Seasons pass but there is always a new crucifer to discover! In March, kohlrabi makes his entrance. Little known among younger generations, the kohlrabi returns in market stalls including through baskets of vegetables like AMAP (Association for the Maintenance of Family Farming), which bring up to date forgotten or unloved vegetables. The kohlrabi looks like a large turnip with stems and leaves. This vegetable has long been associated with periods of deprivation of the last world war. This is probably why it has been so long neglected in France when it is consumed daily in many other countries of the world. The kohlrabi (Brassica Ooleracea) belongs to the family of crucifers.
Nutritional information
Kohlrabi provides 60mg of vitamin C per 100g (or as much as oranges), thus guaranteeing a portion of the recommended daily allowance of vitamin C. Like other crucifers, kohlrabi provides magnesium (40 mg/100g), calcium (70mg/100g), B vitamins (B3: 1.7mg/100g and B5: 0.1mg/100g) and fibers (1.2 g/100g).
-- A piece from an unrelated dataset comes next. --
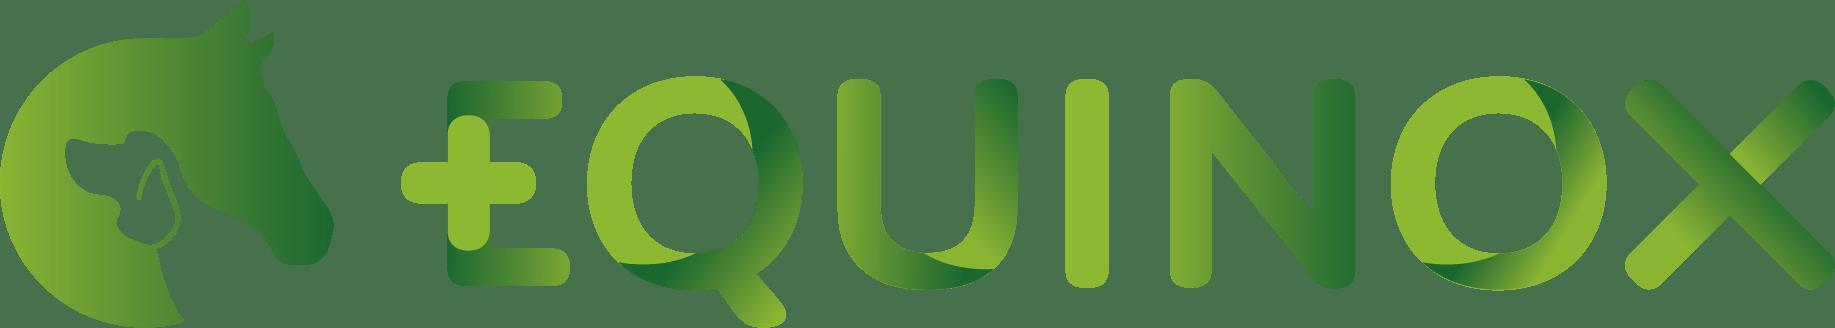 Equinox Healthcare GmbH - Logo

Similarly, kohlrabi preferably consumed raw or undercooked contains glucosinolates which, when ingested, can be converted to specific molecules that participate in limiting the development of some cancers (1) (2). The kohlrabi is undoubtedly a vegetable very rich in nutrients and low in calories. It definitely deserves to be better known!
How to taste it ?
Kohlrabi season begins in March in France and it is high time integrating it to your menus. Kohlrabi is cooked like a turnip, a carrot, a parsnip. This means that it fits in the preparation of many dishes, soups, stews, purees, wok vegetables, etc. However, it is best eaten raw because it thus preserves all its flavors ! Try it as an appetizer cut into sticks, in salads, cut into thin slices, grated associated with other seasonal vegetables (carrots, raw beetroot) and seasoned with a French dressing or with a sweet and sour Japanese sauce.